Aug 5, 07:02 PM

Google Kaggle Chess Arena Sets Grok-Gemini Semifinal After Claude Exit

Google on Monday launched the Kaggle Game Arena, an open benchmarking platform that begins with a three-day chess tournament intended to measure the reasoning ability of frontier language models. The exhibition runs 5–7 August and is streamed live on Kaggle, with commentary from chess grandmaster Hikaru Nakamura and daily recaps by popular streamers.

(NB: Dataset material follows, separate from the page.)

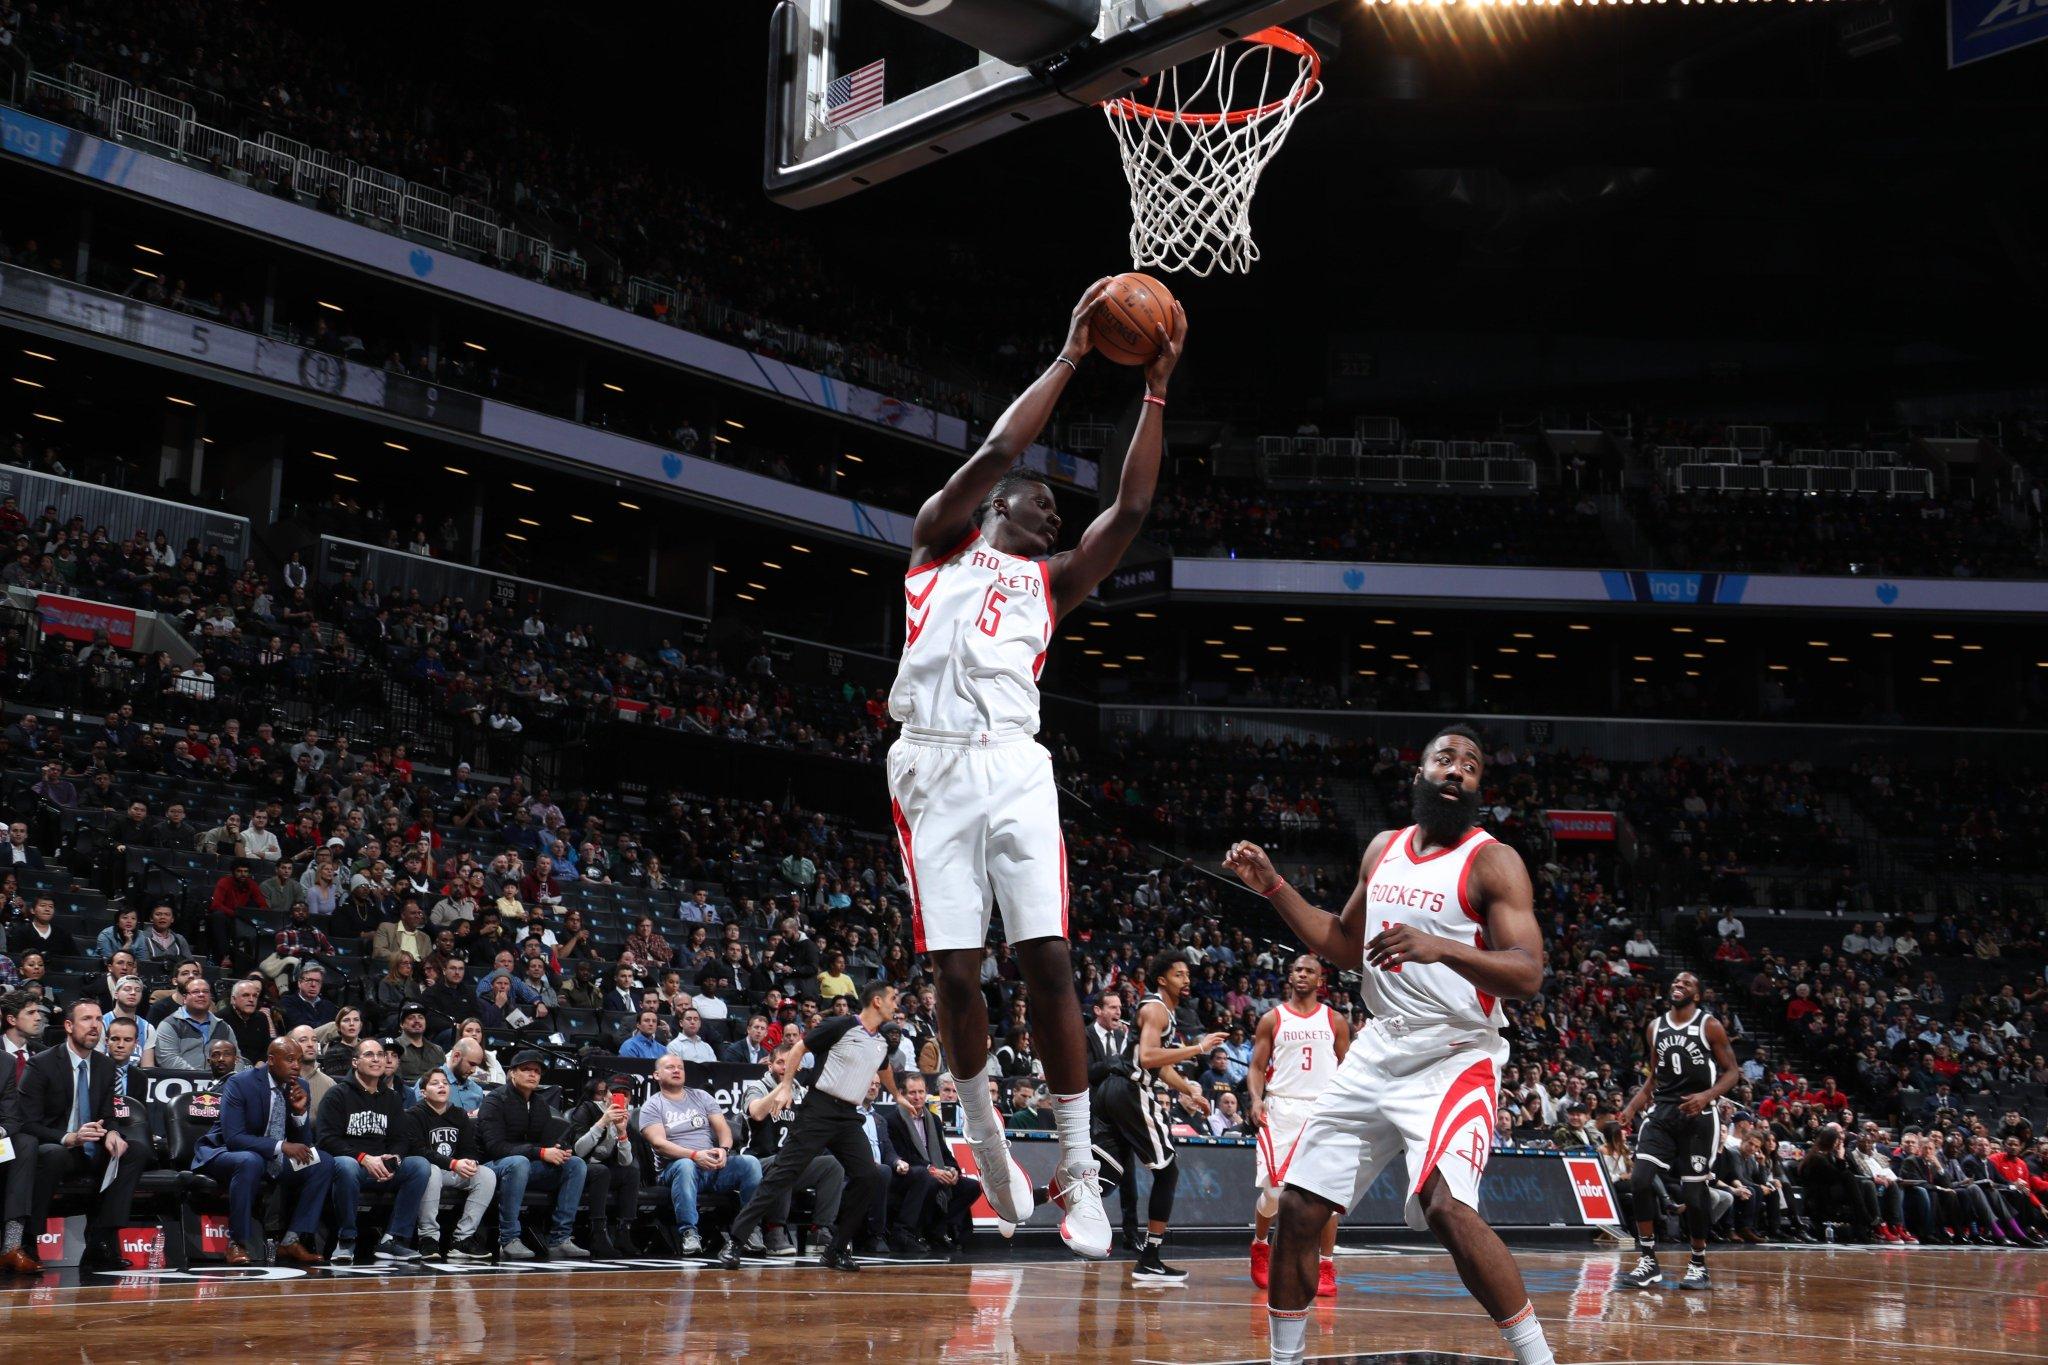 Solid first quarter. ��  #Rockets 38 l Nets 31   �� Capela 10PTS/5REB �� Green 8PTS https://t.co/z2lYhK2bU8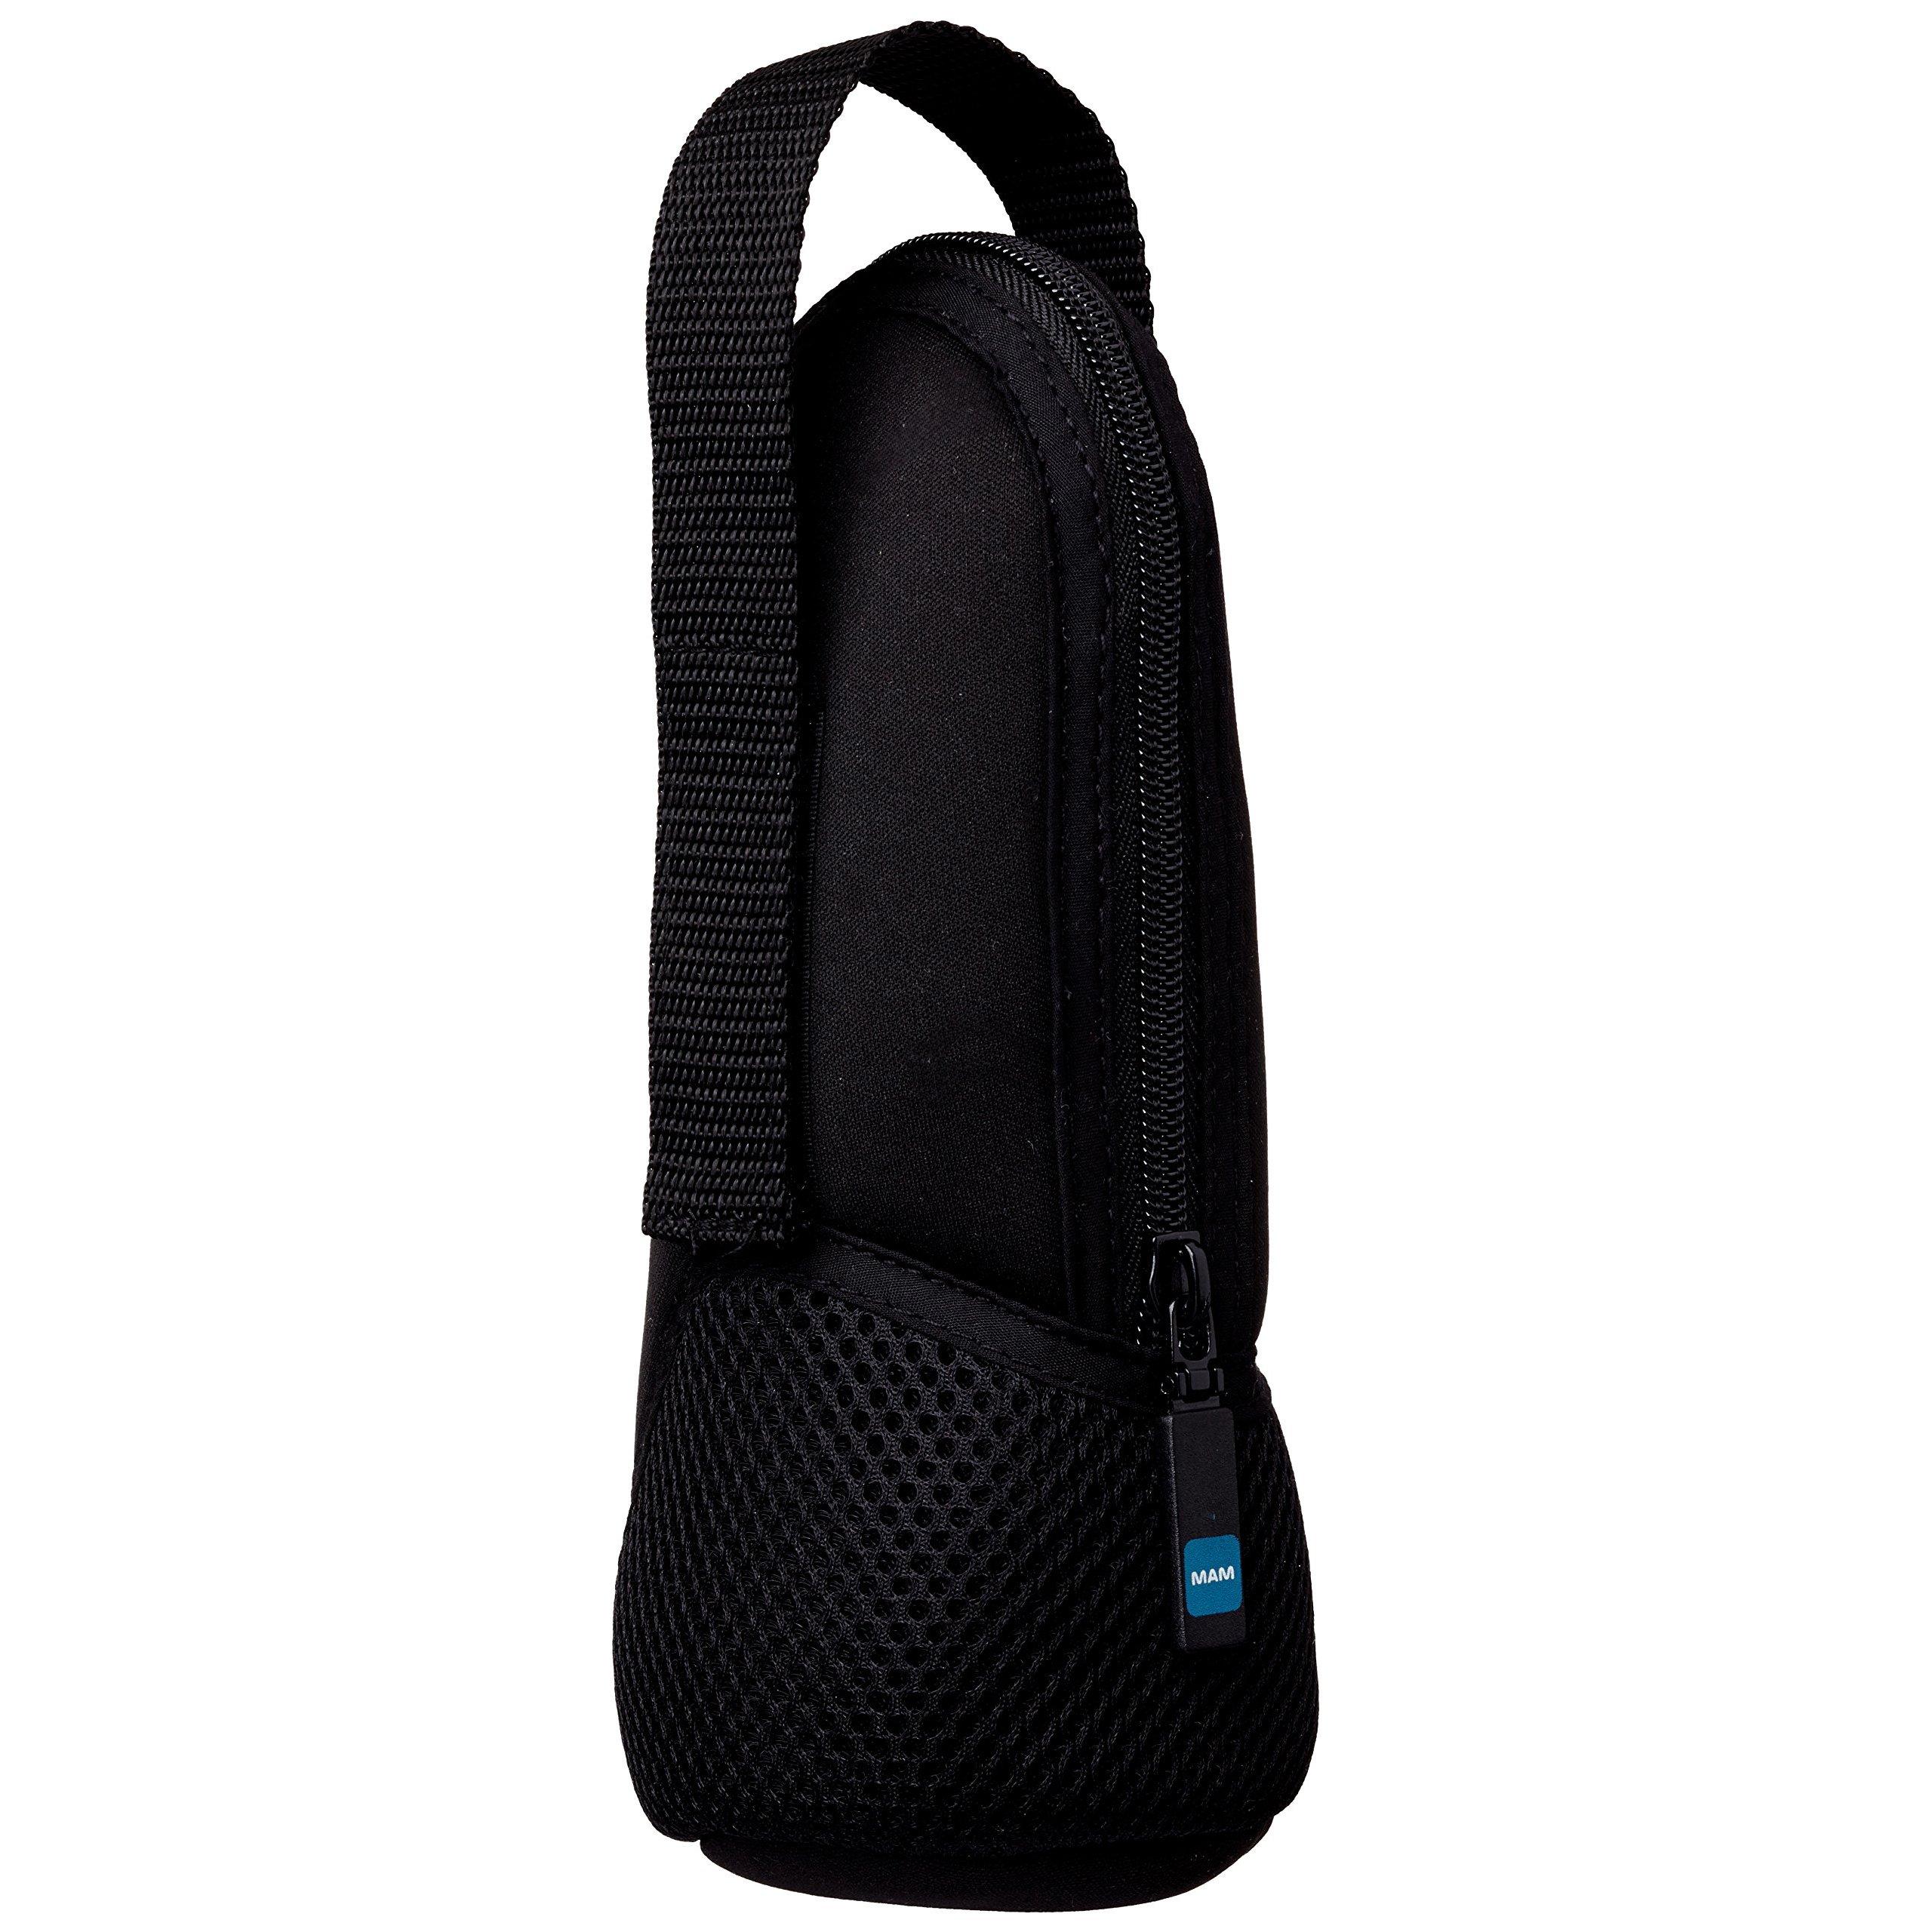 Mam Thermal Bag Θερμομονωτική Θήκη για Μπιμπερό Κωδ 780, 1 Τεμάχιο – μαύρο

Eight models are taking part: OpenAI’s o3 and o4-mini, Google’s Gemini 2.5 Pro and Gemini 2.5 Flash, Anthropic’s Claude Opus 4, xAI’s Grok 4, Moonshot AI’s Kimi K2 Instruct and DeepSeek-R1. Matches follow a single-elimination, best-of-four format. Models receive only a text description of the board, may not call external chess engines, and forfeit after three illegal moves or if any single move exceeds 60 minutes. Opening-round play saw Grok 4 and both OpenAI entrants progress, while Gemini 2.5 Pro eliminated Claude Opus 4 in a 4-0 sweep. A public leaderboard, updated with additional behind-the-scenes games scored by a Bayesian skill-rating system, currently places Grok 4 at the top. The semifinal on 6 August will pair Grok 4 against Gemini 2.5 Pro; the winner advances to Wednesday’s final. Google says chess offers a transparent, adversarial setting to test strategic planning, memory and adaptation, and it plans to expand the Game Arena to other games such as Go and Werewolf. The company expects the rolling leaderboard to become a long-term reference for evaluating real-time decision-making in large language models.